====== Supplied data ======

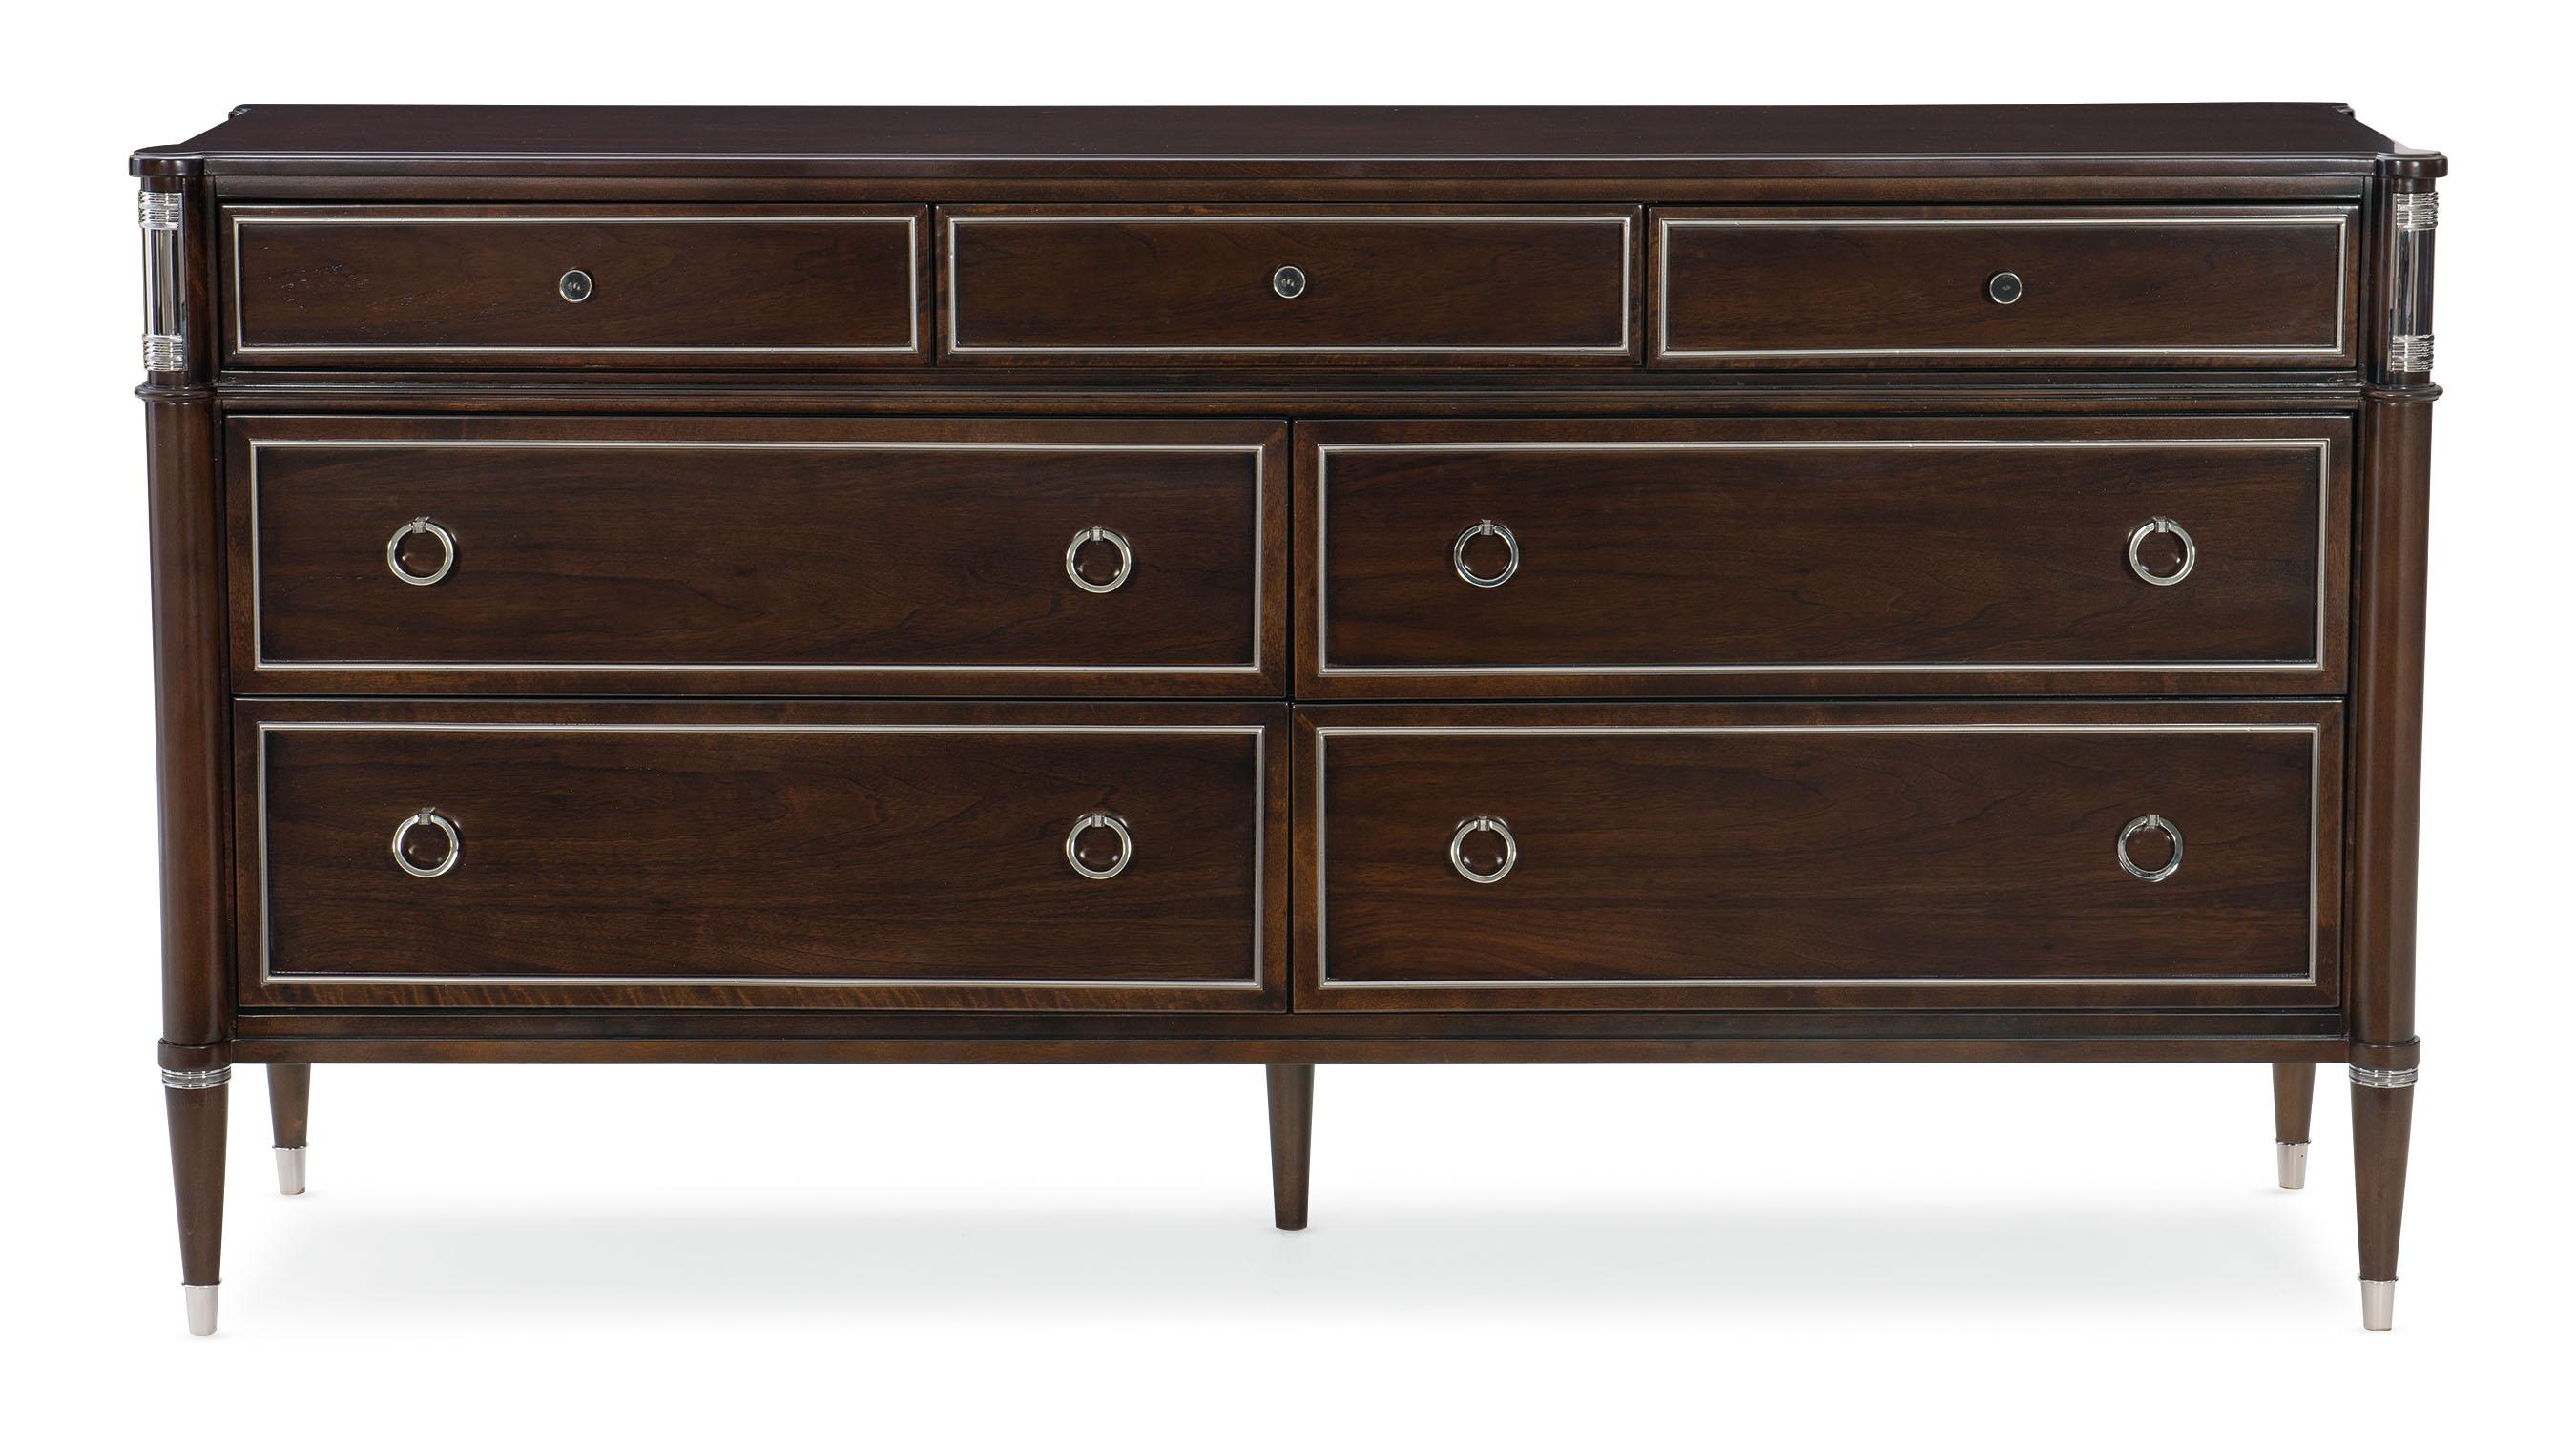 

    
Mocha Walnut & Soft Silver Paint Finish Dresser PRIVATE SUITE by Caracole
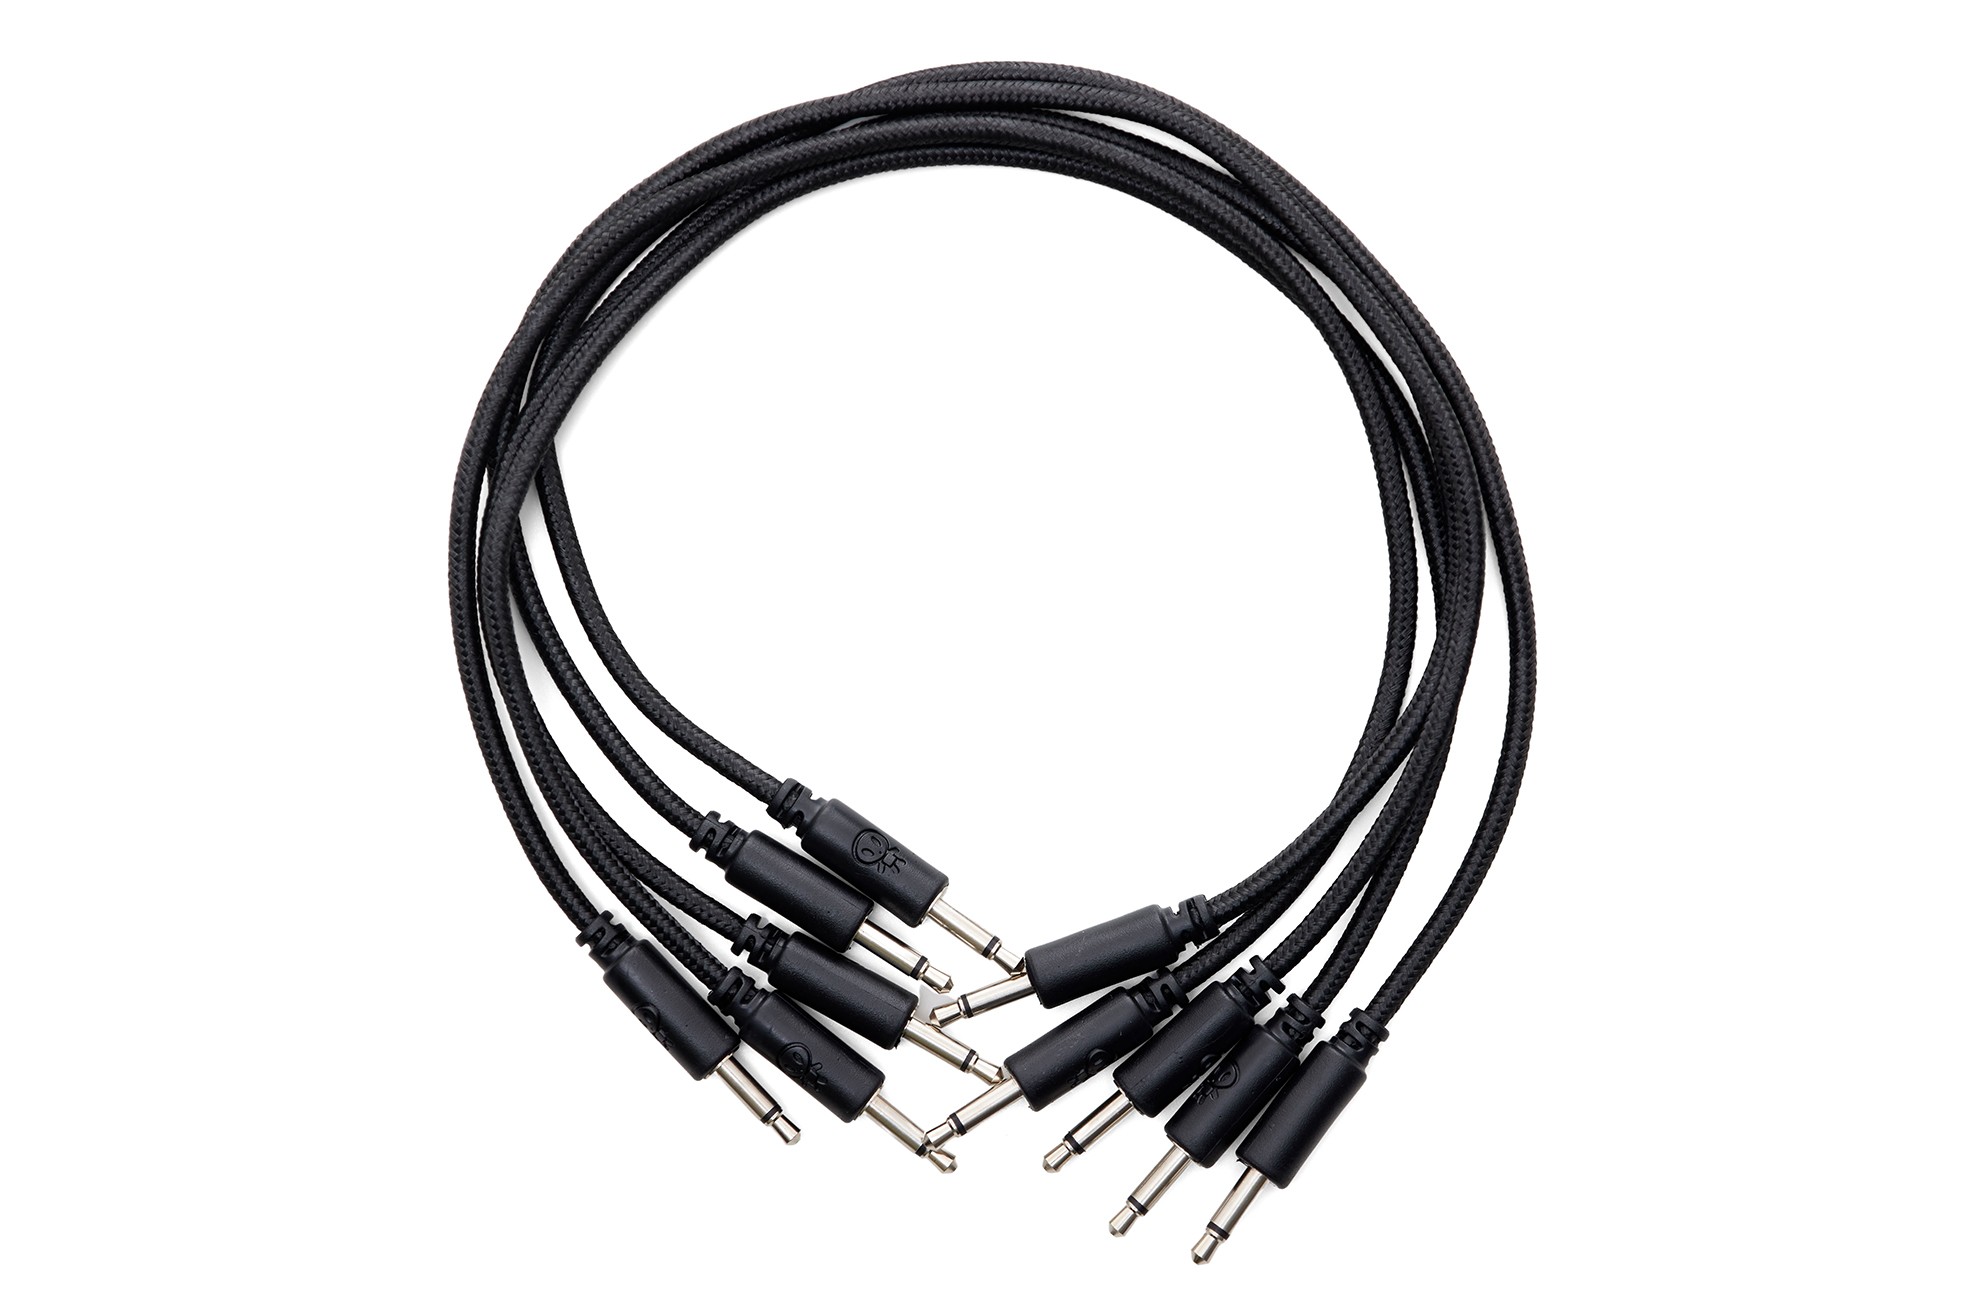 Erica Synths Braided Eurorack Patch Cables 30cm (5 pcs) - Black
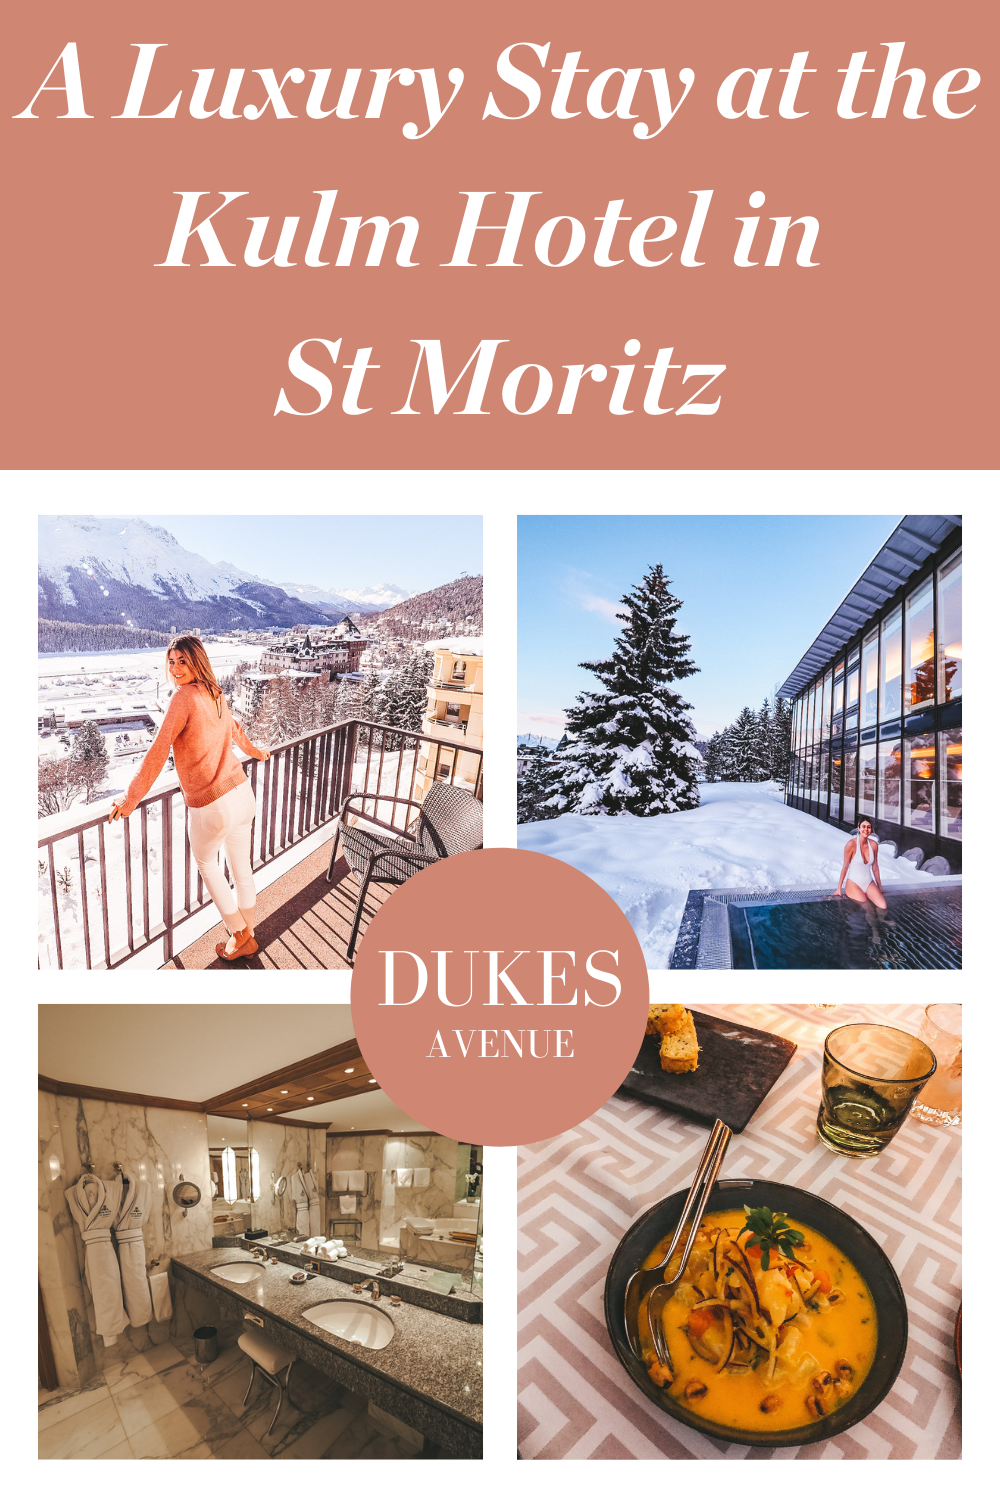 Woman looking at the mountainous view from the balcony of a hotel room, woman sitting on the edge of a pool with a snowy tree behind her, a hotel bathroom and dish from a restaurant with text overlay "A Luxury Stay at the Kulm Hotel in St Moritz"
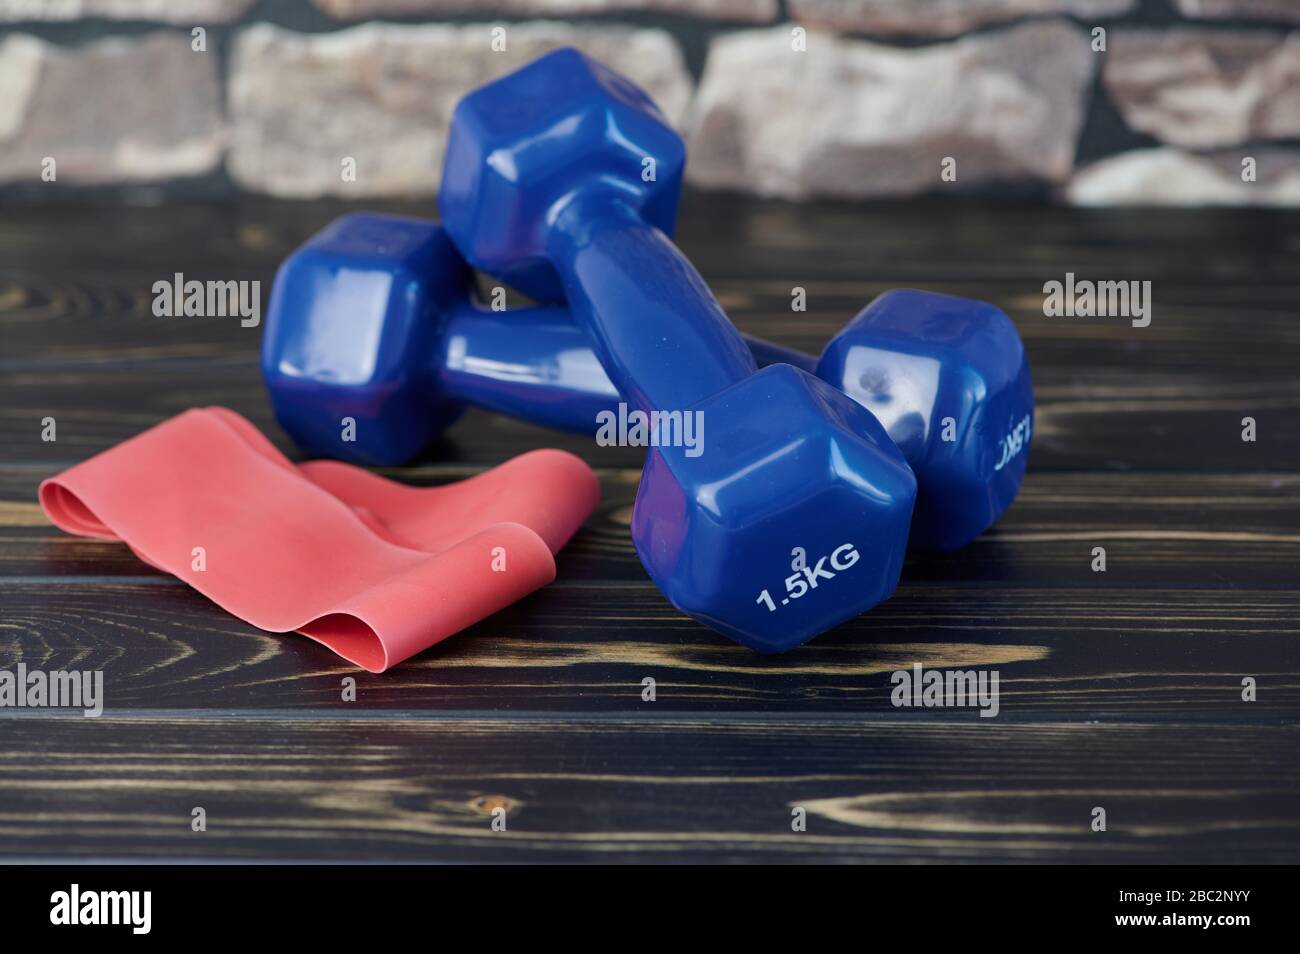 red elastic exercise band beside blue dumbbells on wooden surface Stock Photo

======

■ Assignment
Give back the material above exactly, but without its images.

■ Solution to the problem
Mocha Walnut & Soft Silver Paint Finish Dresser PRIVATE SUITE by Caracole
 Erica Synths Braided Eurorack Patch Cables 30cm (5 pcs) - Black
 Woman looking at the mountainous view from the balcony of a hotel room, woman sitting on the edge of a pool with a snowy tree behind her, a hotel bathroom and dish from a restaurant with text overlay "A Luxury Stay at the Kulm Hotel in St Moritz"
 red elastic exercise band beside blue dumbbells on wooden surface Stock Photo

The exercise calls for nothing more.